Choosing An Ideal State To Form A Corporation
You will not have to undergo any legal requirements for forming an LLC or new corporation in the home state. If you own a small business corporation, then you will not have any advantage to form a corporation in a different state since you will have to register your foreign corporation in the home state and then end up paying the same taxes and fees.
Decisions To Make
One of the very first decisions to make for a business owner is deciding where they would like to incorporate. Most commonly, business owners pick their home state. However, many people think that there may be certain benefits of incorporating in a state that is tax free or corporation friendly. For this reason, many people like to incorporate in Delaware. However, your decisions need to be based on 3 major factors:
• Cost considerations
• Jurisdictional considerations
• Tax considerations
It is wise that you seek legal counsel since the process can be quite complex, especially if you have plans of incorporating in a different state. Every state will require a resident agent for a corporation. There are many private companies providing the services of a resident agent in different states. Additionally, you will also be required to have a foreign corporation for registering or qualifying before you start conducting your businesses within the state.

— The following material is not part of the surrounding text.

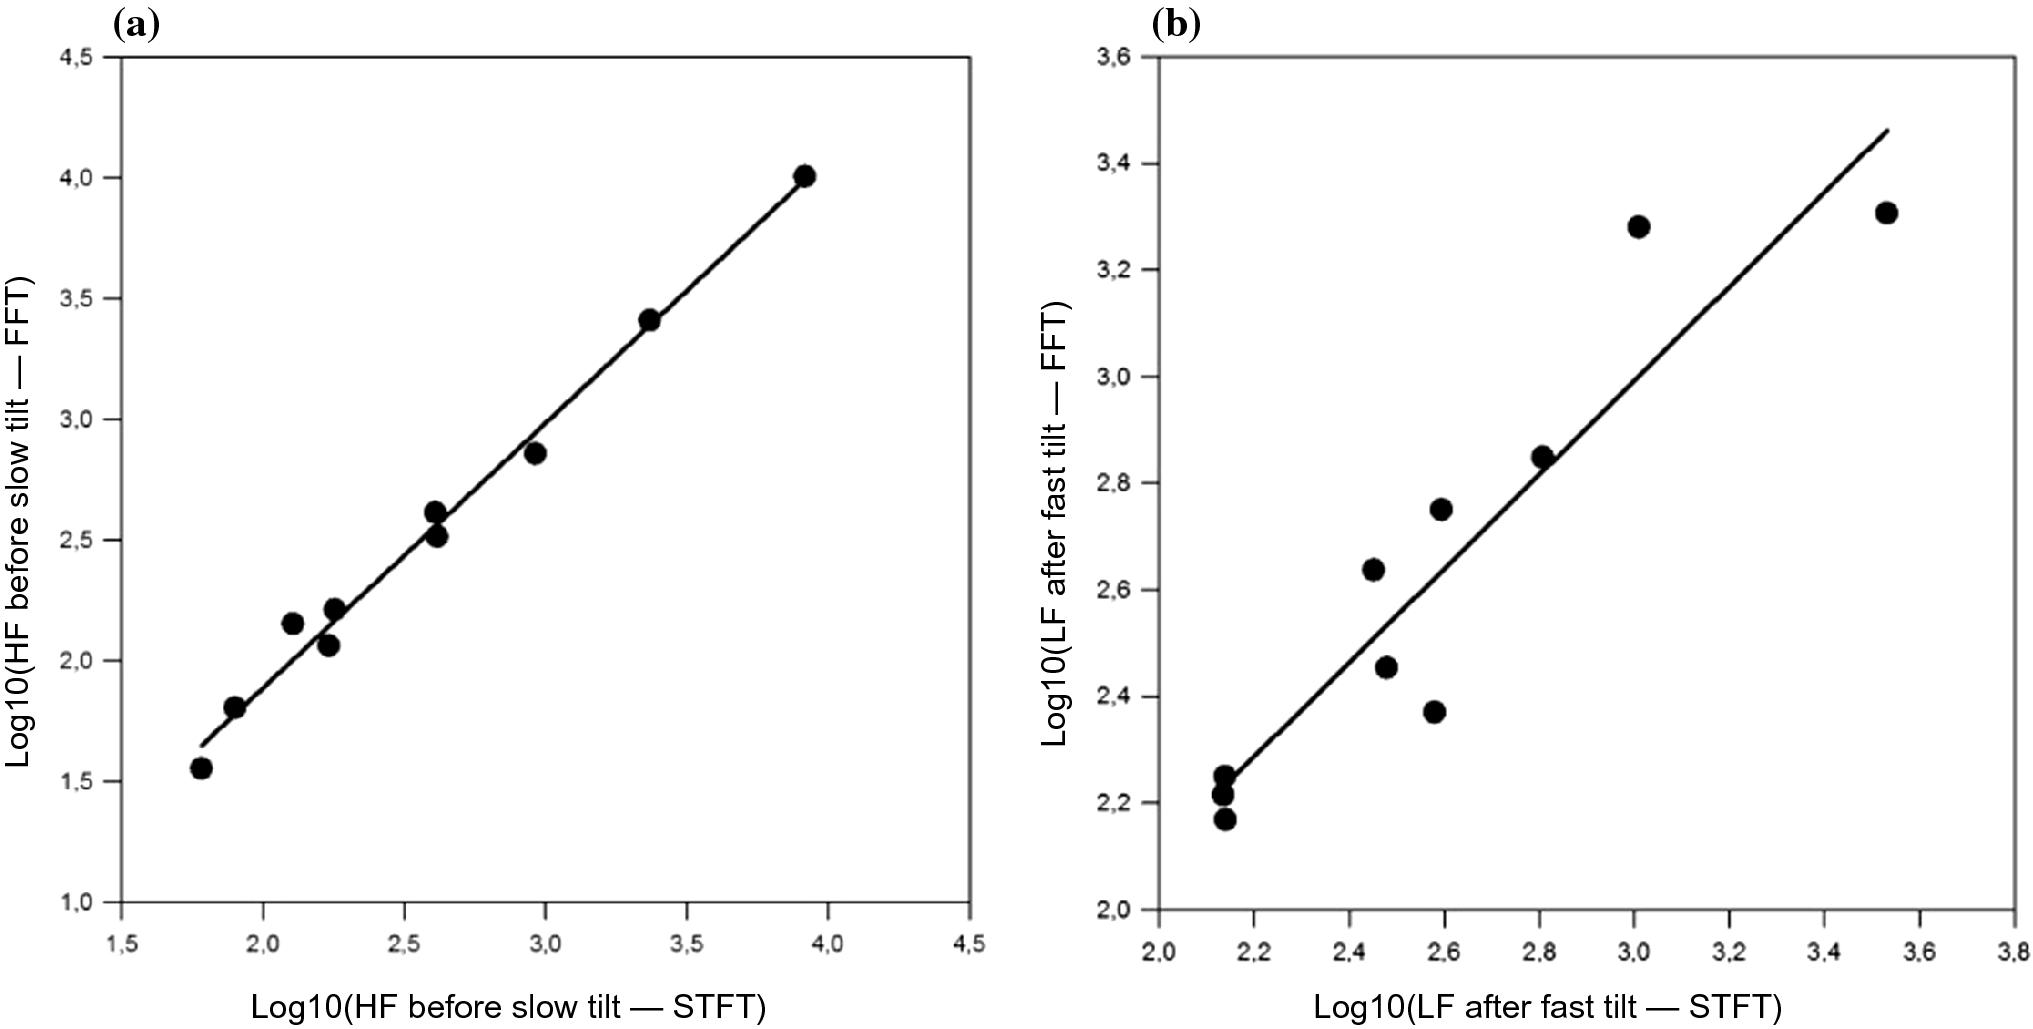 Quantification of Autonomic Response to Passive Change of Posture in
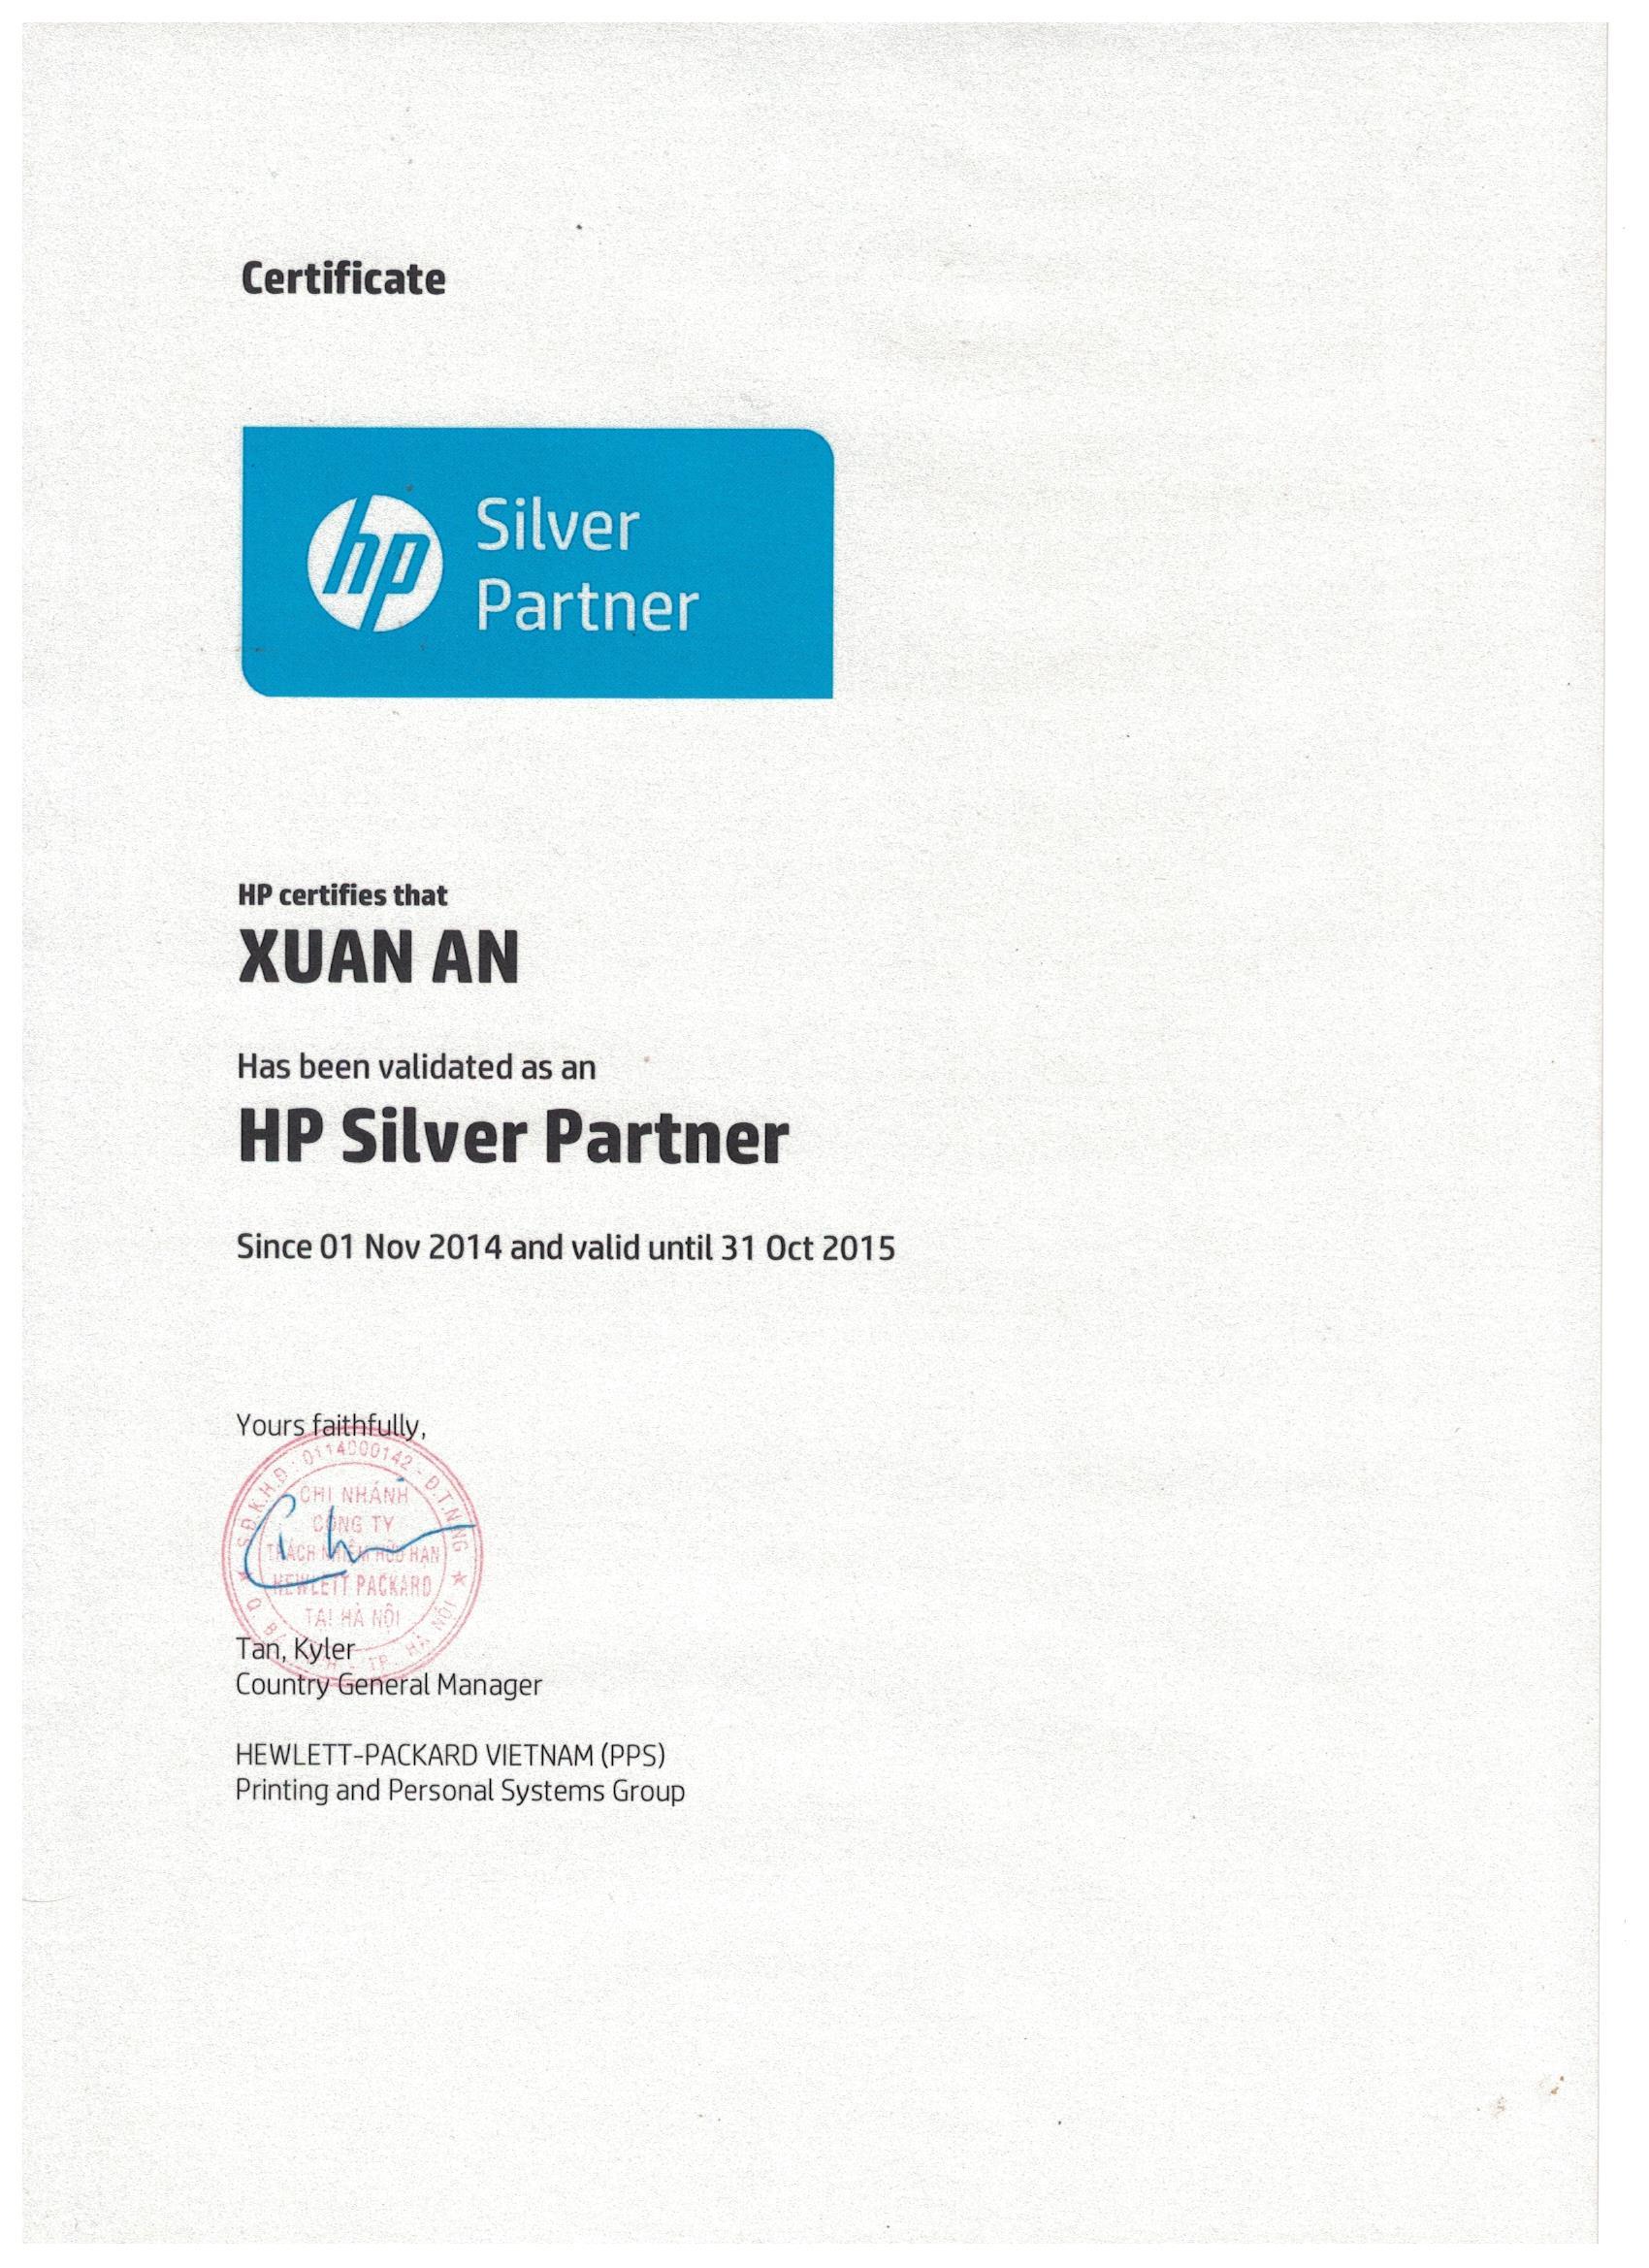 HP Probook 430 G5 - 2XR79PA (Silver)

The process will include filing paperwork, paying fees, as well as paying penalties.
If a certain business has headquarters in one state but is incorporated in another state, then the business will be subjected to service of process and jurisdiction in the other state. This may be inconvenient for numerous reasons.
For starters, all your legal notices will be received by your registered agent within that state. This will cause a detail in your materials since you will only receive them once your registered agent forwards them. There are many materials that are time sensitive and can easily be misplaced or delayed. Secondly, your corporation will be governed by the laws of this state, and these laws might be different from your home state.
While the primary corporation characteristics remain similar in each state, the tax rate that applies differs. Certain state tax rates can reach an excessive 10%. If you incorporate in Nevada however, you will not incur any franchise tax as well as state income tax. Additionally, income tax considerations will not be applicable to say an S corporation or an LLC since these are not taxed on business levels.
Therefore, tax advantages can be seen in a state like Nevada. Despite that, if you are operating in a different state, then you will have to pay your home state taxes.
While there are many corporation friendly states, you need to keep in mind everything that goes along with the incorporation. For instance, even if you wish to incorporate in Nevada, you will still have to be aware of the different rules and regulations in that state.